Feel like you’re spinning when you’re standing? Or do you hear ringing or a roaring sound when it’s quiet? You have have an inner ear issue called Ménière’s disease. Learn more below!
What causes Ménière’s disease?
The symptoms of Ménière’s disease are associated with a change in fluid volume within a portion of the inner ear known as the labyrinth. The labyrinth has two parts: the bony labyrinth and the membranous labyrinth. The membranous labyrinth, which is encased by bone, is necessary for hearing and balance and is filled with a fluid called endolymph. When your head moves, endolymph moves, causing nerve receptors in the membranous labyrinth to send signals to the brain about the body’s motion. An increase in endolymph, however, can cause the membranous labyrinth to balloon or dilate, a condition known as endolymphatic hydrops.
Many experts on Ménière’s disease think that a rupture of the membranous labyrinth allows the endolymph to mix with perilymph, another inner ear fluid that occupies the space between the membranous labyrinth and the bony inner ear. This mixing, scientists believe, can cause the symptoms of Ménière’s disease. Scientists are investigating several possible causes of the disease, including environmental factors, such as noise pollution and viral infections, as well as biological factors.
What are the symptoms of Ménière’s disease?
The symptoms of Ménière’s disease occur suddenly and can arise daily or as infrequently as once a year. Vertigo, often the most debilitating symptom of Ménière’s disease, typically involves a whirling dizziness that forces the sufferer to lie down. Vertigo attacks can lead to severe nausea, vomiting, and sweating and often come with little or no warning.
Some individuals with Ménière’s disease have attacks that start with tinnitus (ear noises), a loss of hearing, or a full feeling or pressure in the affected ear. It is important to remember that all of these symptoms are unpredictable. Typically, the attack is characterized by a combination of vertigo, tinnitus, and hearing loss lasting several hours. People experience these discomforts at varying frequencies, durations, and intensities. Some may feel slight vertigo a few times a year. Others may be occasionally disturbed by intense, uncontrollable tinnitus while sleeping. Ménière’s disease sufferers may also notice a hearing loss and feel unsteady all day long for prolonged periods. Other occasional symptoms of Ménière’s disease include headaches, abdominal discomfort, and diarrhea. A person’s hearing tends to recover between attacks but over time becomes worse.
How is Ménière’s disease diagnosed?
Through the use of several types of hearing tests, physicians can characterize hearing loss as being sensory, arising from the inner ear, or neural, arising from the hearing nerve. Recording the auditory brain stem response, which measures electrical activity in the hearing nerve and brain stem, is useful in differentiating between these two types of hearing loss. Electrocochleography, recording the electrical activity of the inner ear in response to sound, helps confirm the diagnosis.
To test the vestibular or balance system, physicians irrigate the ears with warm and cool water or air.

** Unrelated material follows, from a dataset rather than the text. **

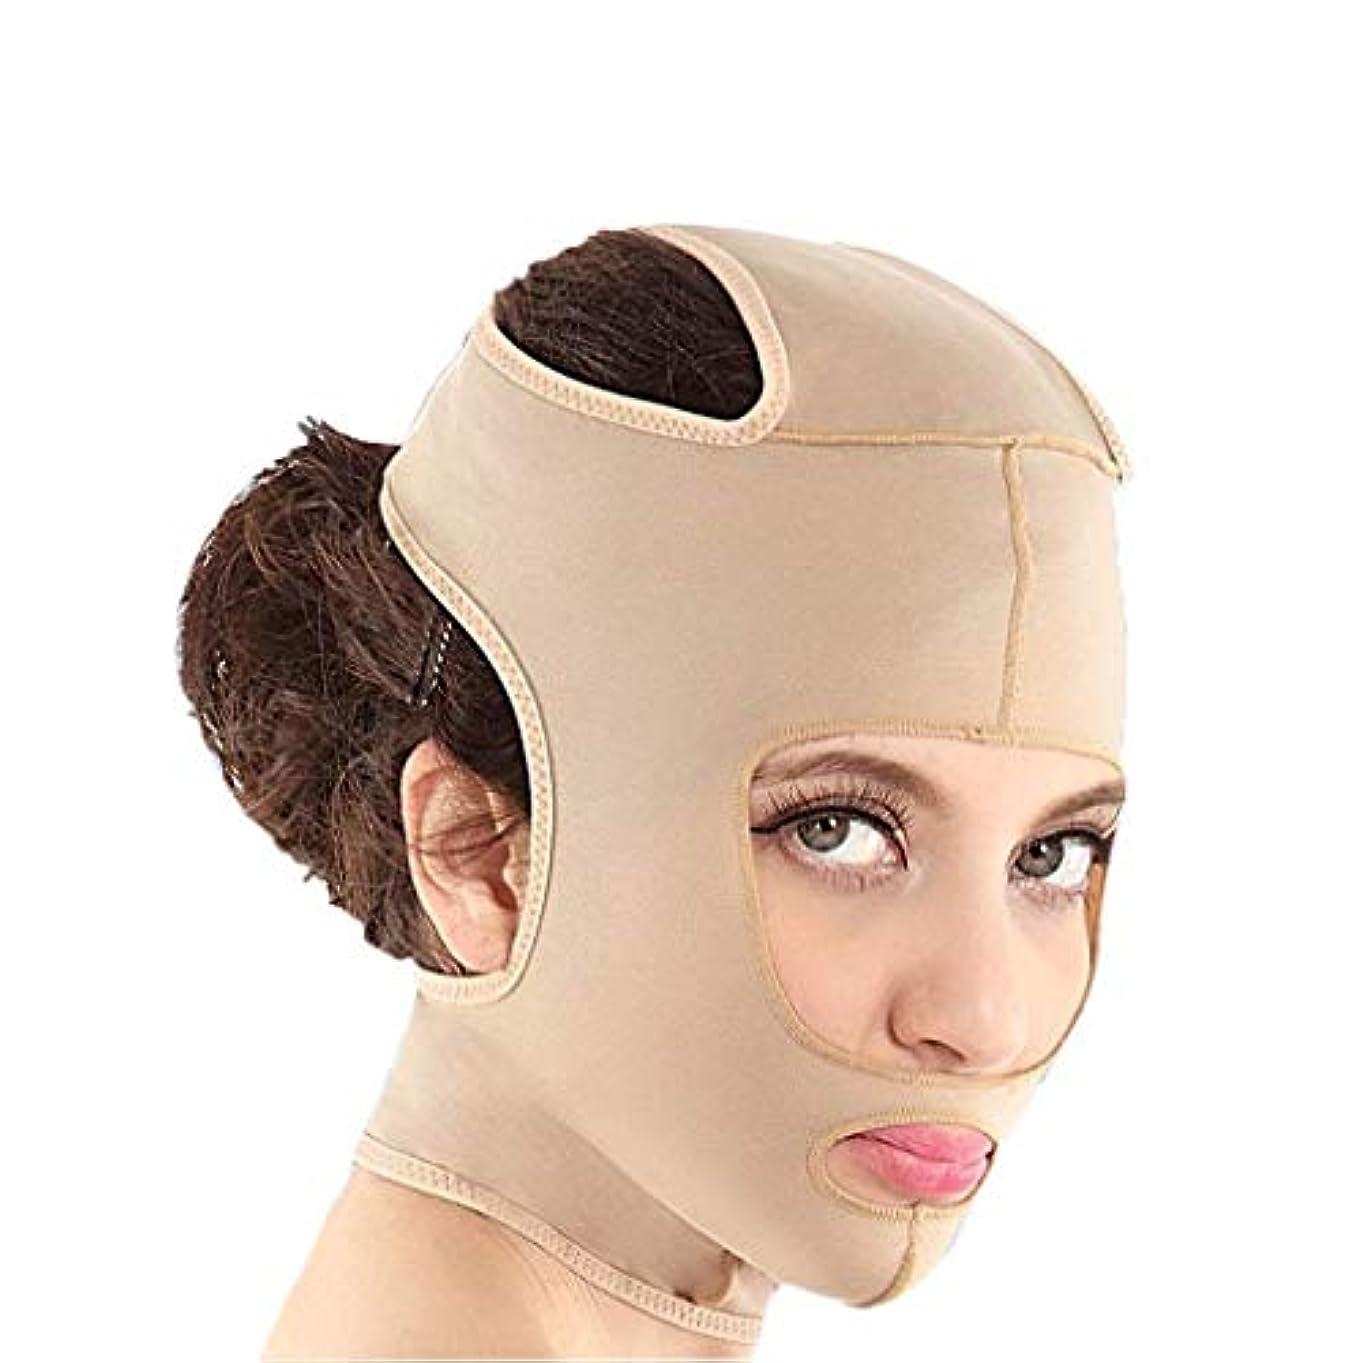 途方もない適度な用心深いフェイスリフティングマスク、リフティングスキンリンクルシンダブルチンシンフェイスバンデージオブスキンサギング(サイズ:Xl)

This procedure, known as caloric testing, results in nystagmus: rapid eye movements that can help a physician analyze a balance disorder. Since tumor growth can produce symptoms similar to Ménière’s disease, an MRI is a useful test to determine whether a tumor is causing the patient’s vertigo and hearing loss.
How is Ménière’s disease treated?
There is no cure for Ménière’s disease; however, the symptoms of the disease are often controlled successfully by reducing the body’s retention of fluids through dietary changes (such as a low-salt or salt-free diet and no caffeine or alcohol) or medication. Changes in medications that either control allergies or improve blood circulation in the inner ear may help. Eliminating tobacco use and reducing stress levels are more ways some people can lessen the severity of their symptoms.
Different surgical procedures have been advocated for patients with persistent, debilitating vertigo from Ménière’s disease. Labyrinthectomy (removal of the inner ear sense organ) can effectively control vertigo, but sacrifices hearing and is reserved for patients with nonfunctional hearing in the affected ear. Vestibular neurectomy, selectively severing a nerve from the affected inner ear organ, usually controls the vertigo while preserving hearing, but carries surgical risks. Recently, the administration of the ototoxic antibiotic, gentamycin directly into the middle ear space has gained popularity worldwide for the control of the vertigo of Ménière’s disease.